People excel at lying to themselves, and they do it all the time. It’s one of the most pervasive forms of self-sabotage there is. But if you take a moment to answer the question of what you think of yourself, your answer isn’t likely to be positive; and if it is, you might just want to dig a little deeper.
Unfortunately, you may tend to ignore your personal conclusions, whether they’re as simple as “I don’t matter” or as dramatic as “I have no reason to live.” But these are nothing more than negative mantras whose tattered banners have hung over you for so long that you’ve forgotten that you’re the one who hung them in the first place. Take, for example, the common self-sabotaging statement, “I’m such a loser.”
You’ve told yourself this for so long that whenever something bad happens, you fall into the same trap of self-criticism. “What the hell is wrong with me?” you ask yourself. “Why am I always screwing things up?” Now, imagine that you live with this mindset your entire life, as far too many people do. No wonder positive thinking does nothing: It’s up against a behemoth of doubt.
One of the most liberating things to realize about life is that no more effort is required to live a terrible one than a great one. Your choice in that regard can have a profound effect on your interactions with others. Just as you think you have yourself figured out, you may find yourself making broad assumptions about others and treating them accordingly.

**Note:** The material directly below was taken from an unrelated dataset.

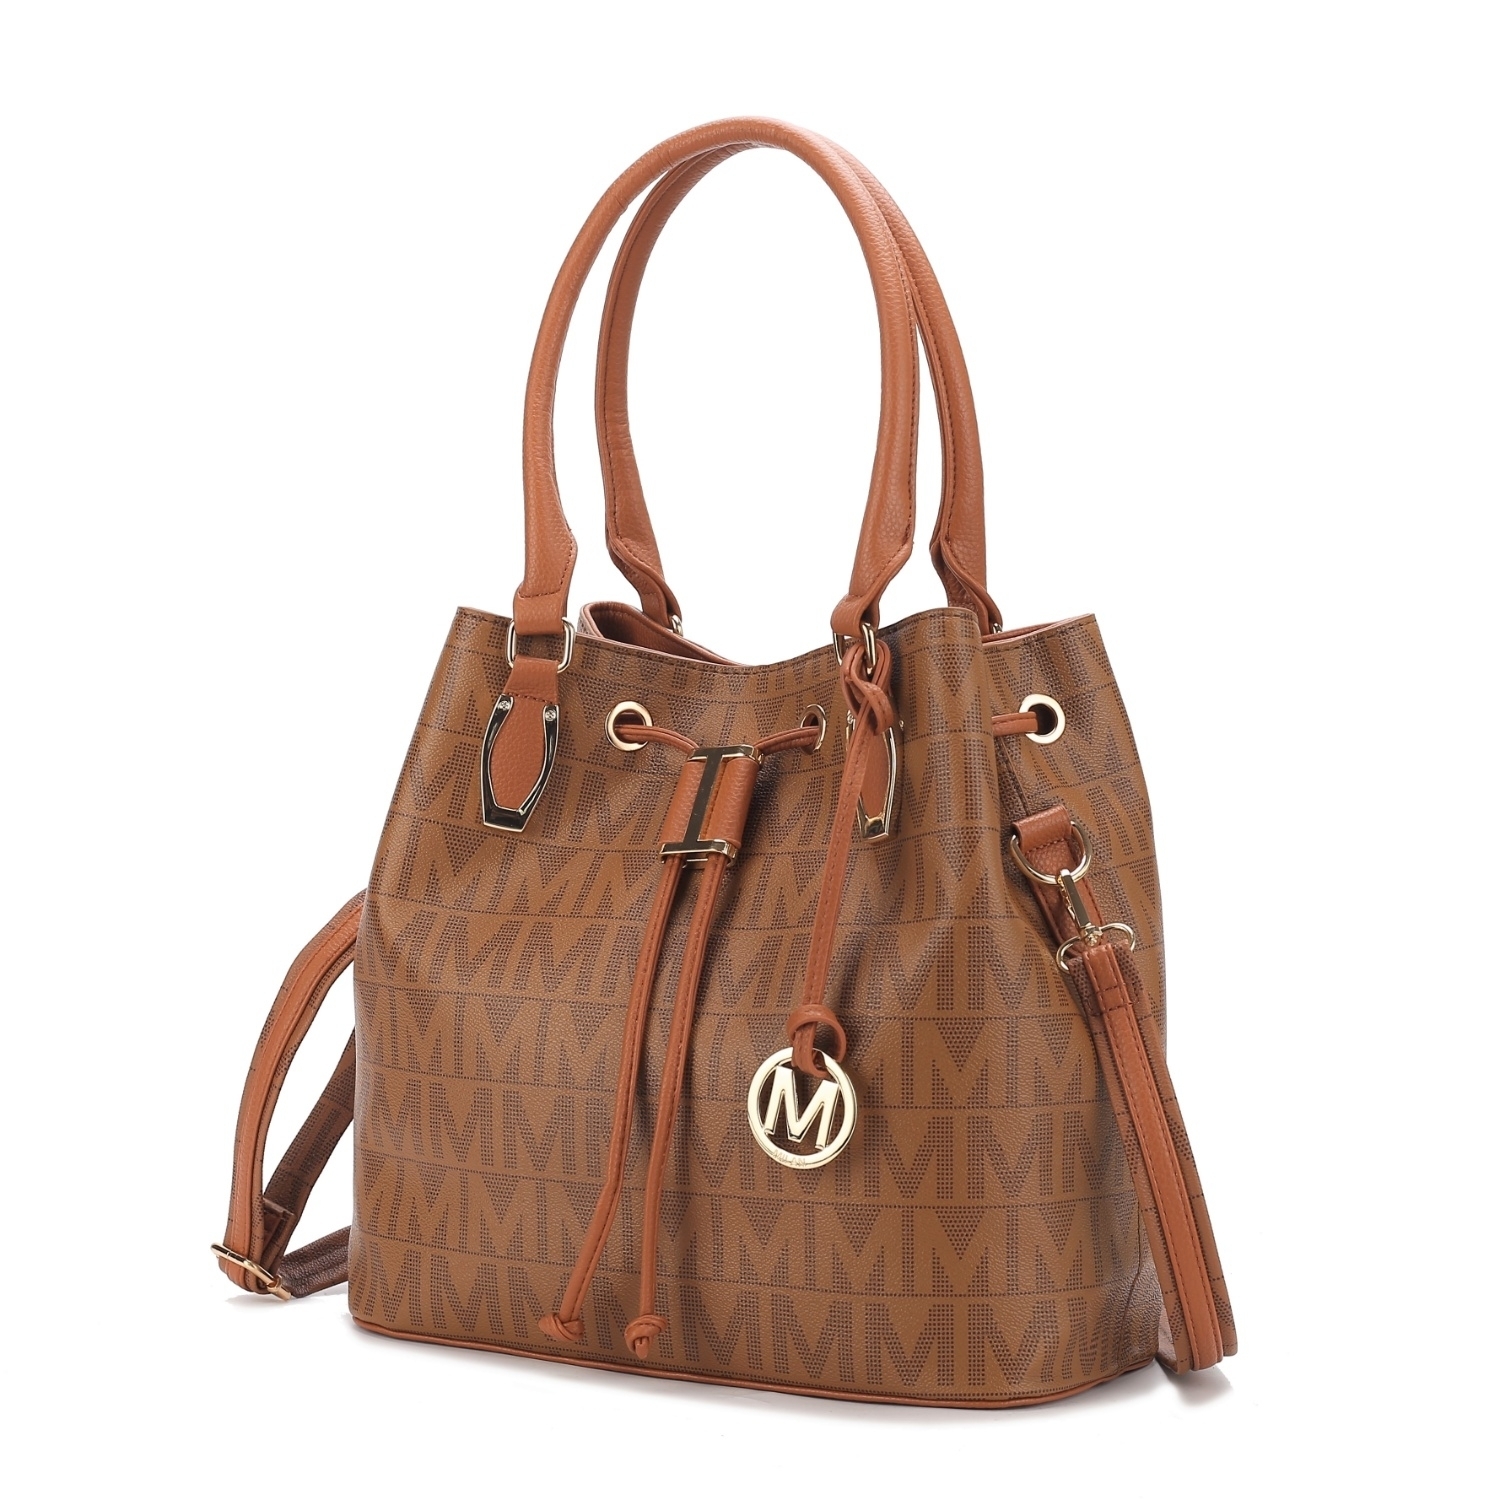 MKF Collection Jane Vegan Leather Tote Handbag By Mia K. - Tan
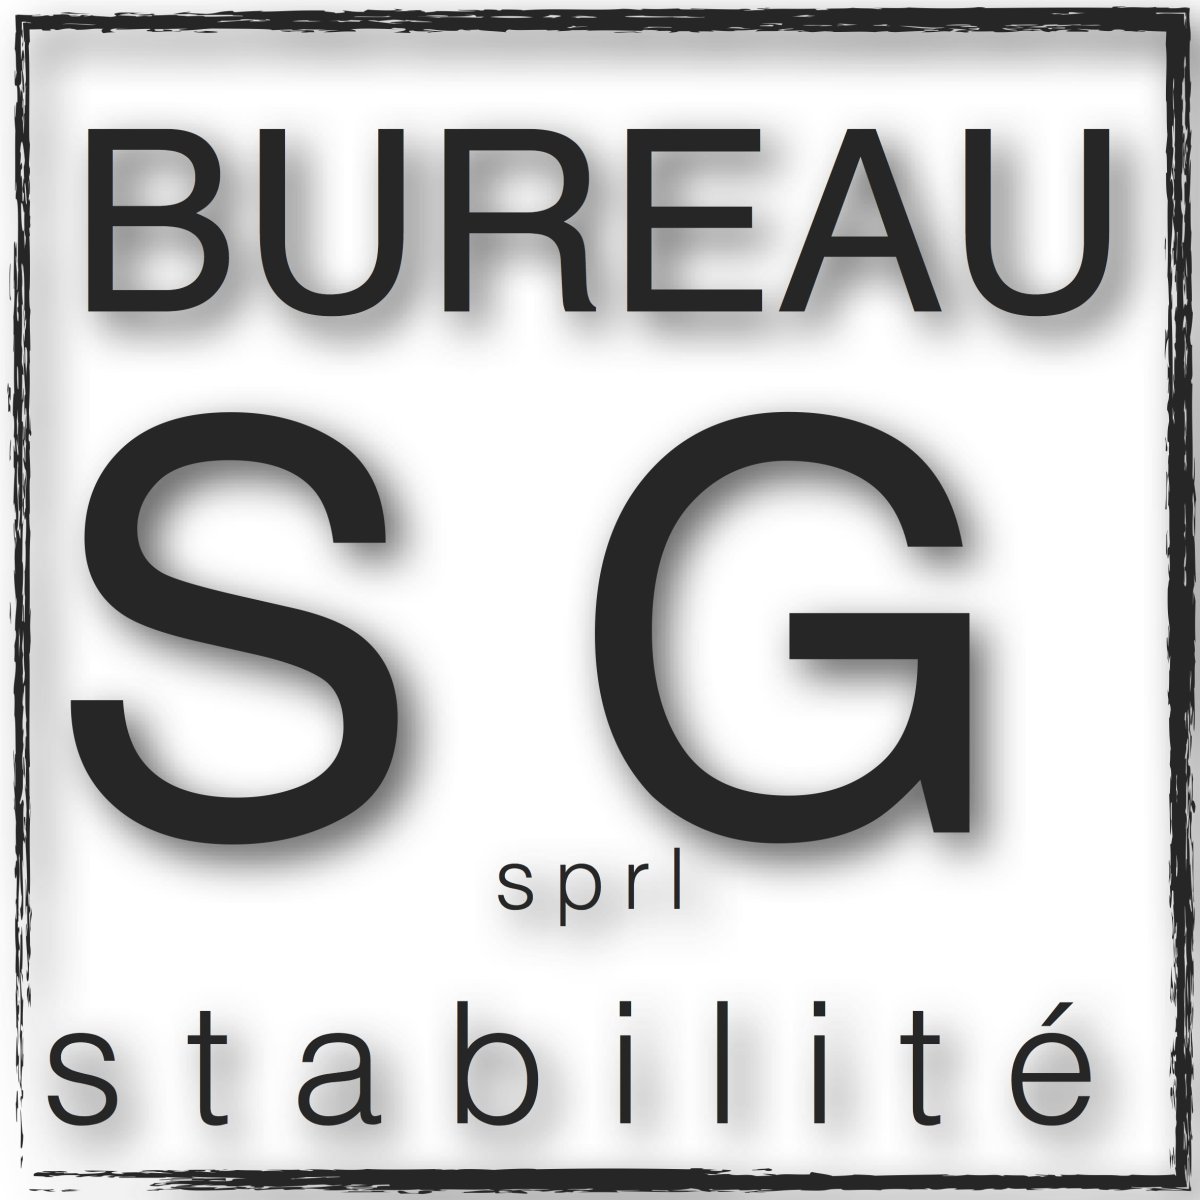 Bureau SG

And no wonder: Making conclusions about others gives you a feeling of security and of having everything figured out enough to make sense of life. If you conclude that you’ll never be good enough to make a name for yourself professionally, your social conclusion might be that people care only about advancing themselves and not others. Do you see the irony here? Another doozy you may often tell yourself is, “Life isn’t fair.”
Like the other conclusions, this one can — and does — have a detrimental effect on how you approach setbacks. Think of the last time something in life threw you for a loop; you’ve most likely filed it away in that overstuffed drawer labeled “INEVITABILITIES.” But take stock of those reactions and see them for what they are: the grandest self-sabotage of them all. Is this how you want to live?